(Beginning of RAW DATA)

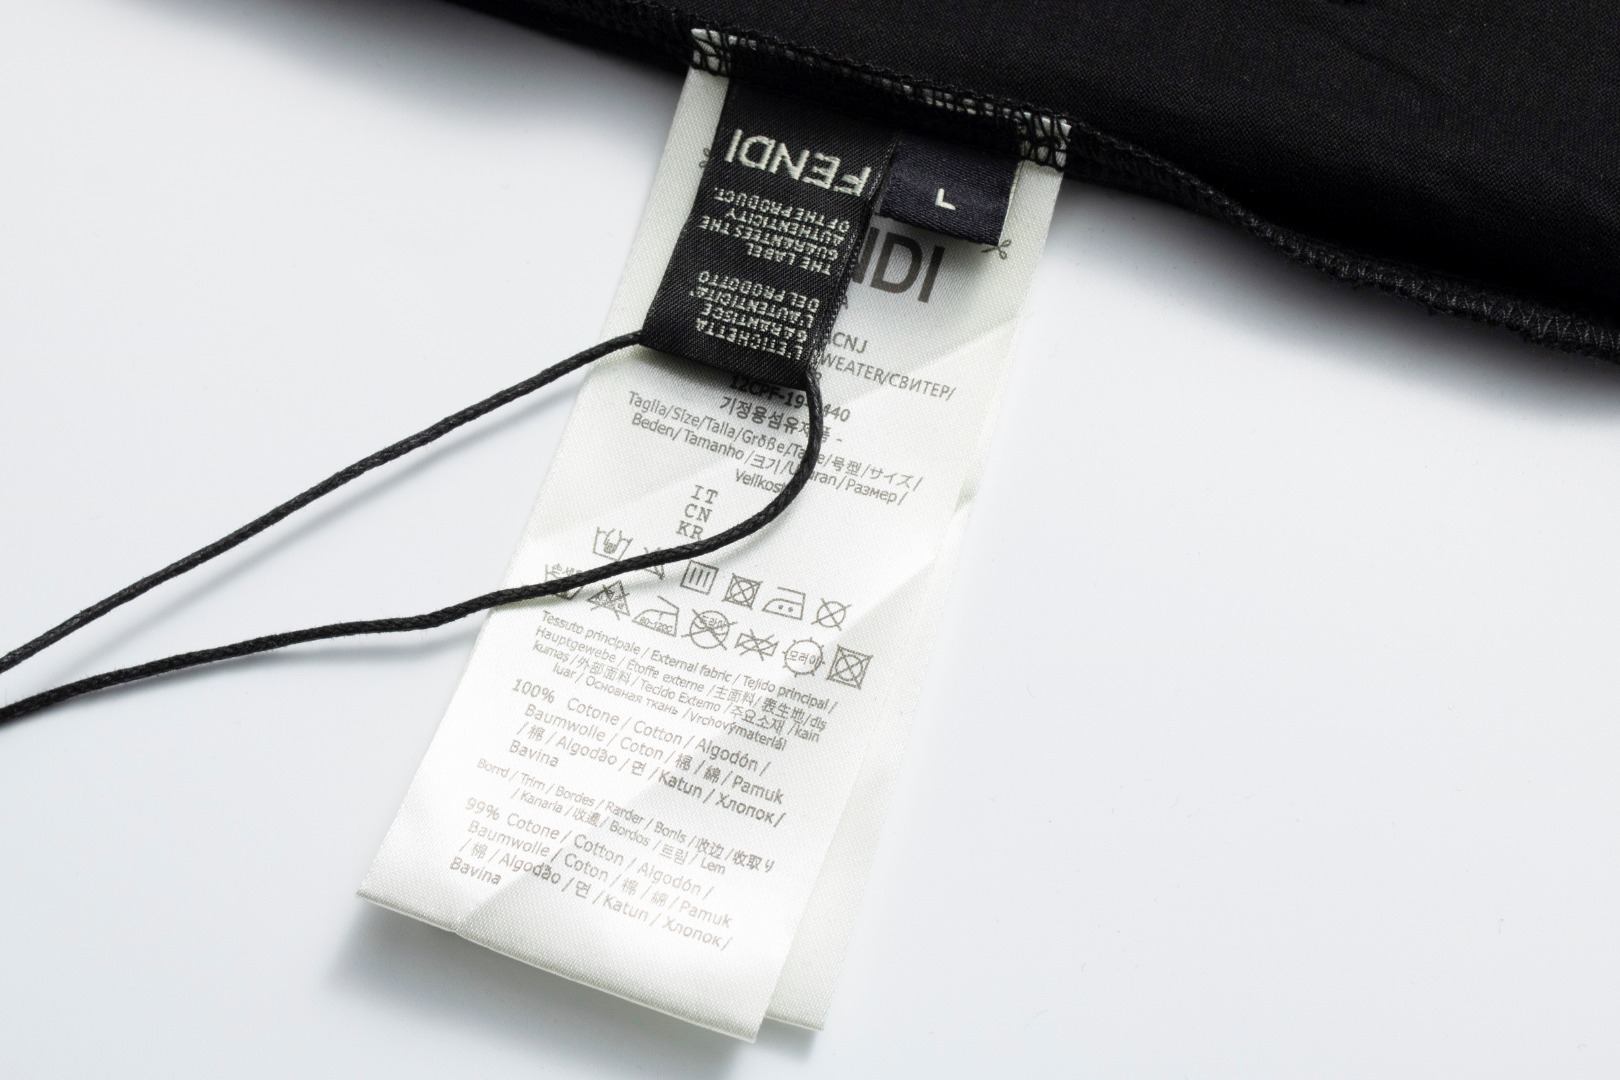 Fendi麂皮贴片T恤面料采用50支丝光双股克重190g手感柔软舒适亲肤搭配胸前Fendi麂皮贴片吸引眼
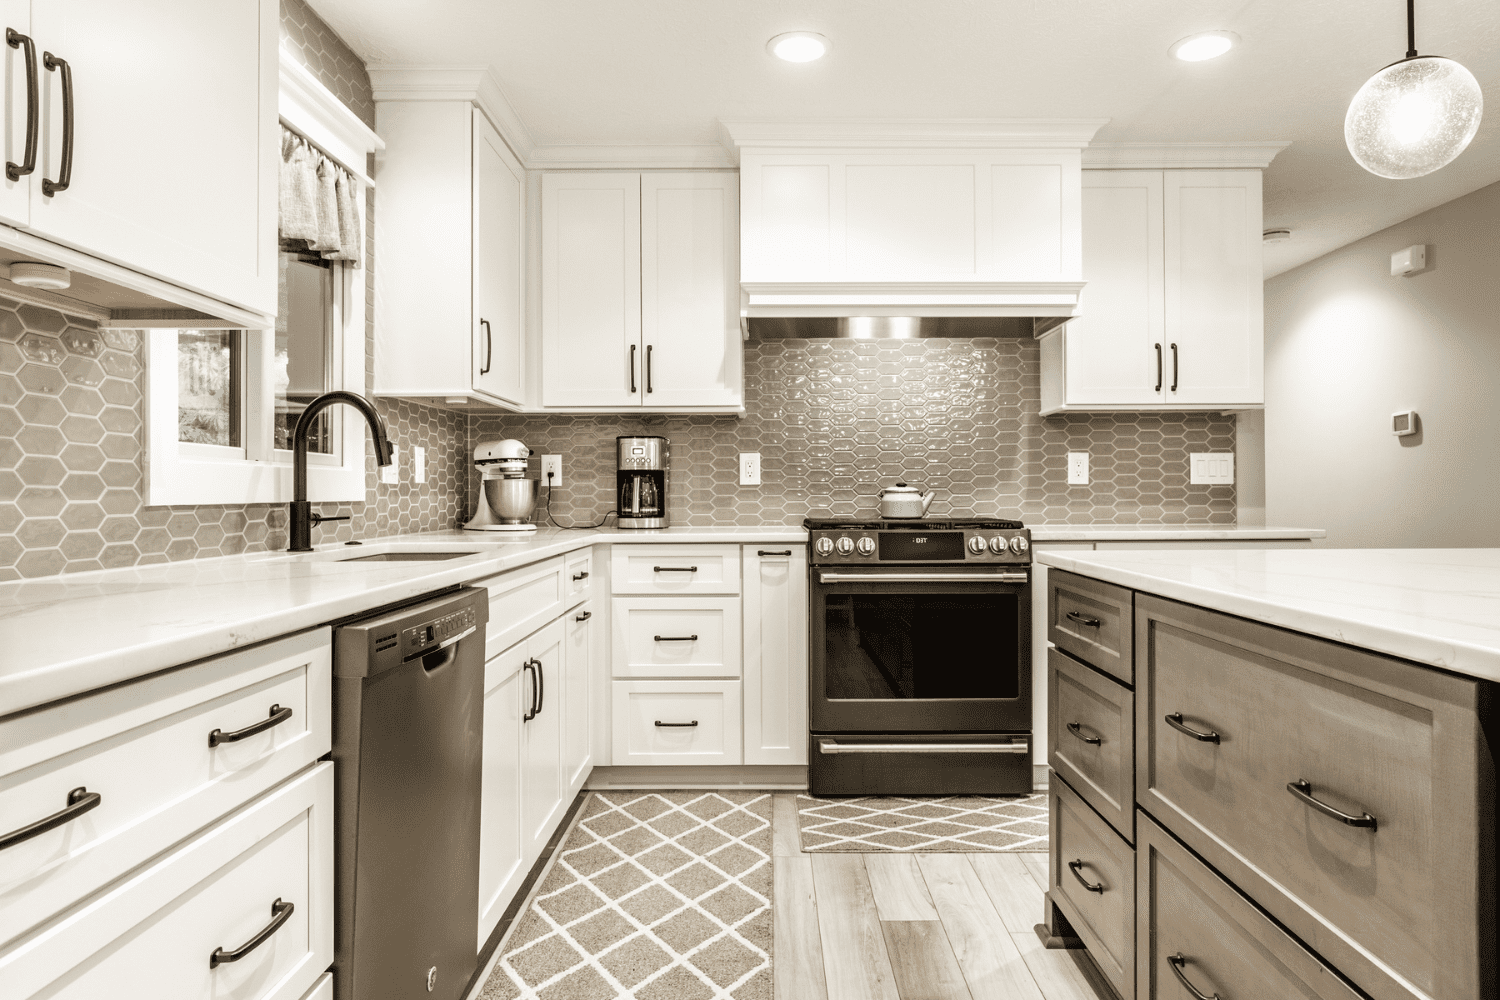 Nicholas Design Build | A neutral kitchen in a black and white photo.
Keywords: neutral kitchen

(End of RAW DATA)

- **PROMPT**: In your copy, restate the data above word for word but leave out any picture.

- **SOLUTION TO THIS PROBLEM**:
 Fendi麂皮贴片T恤面料采用50支丝光双股克重190g手感柔软舒适亲肤搭配胸前Fendi麂皮贴片吸引眼
 Nicholas Design Build | A neutral kitchen in a black and white photo.
Keywords: neutral kitchen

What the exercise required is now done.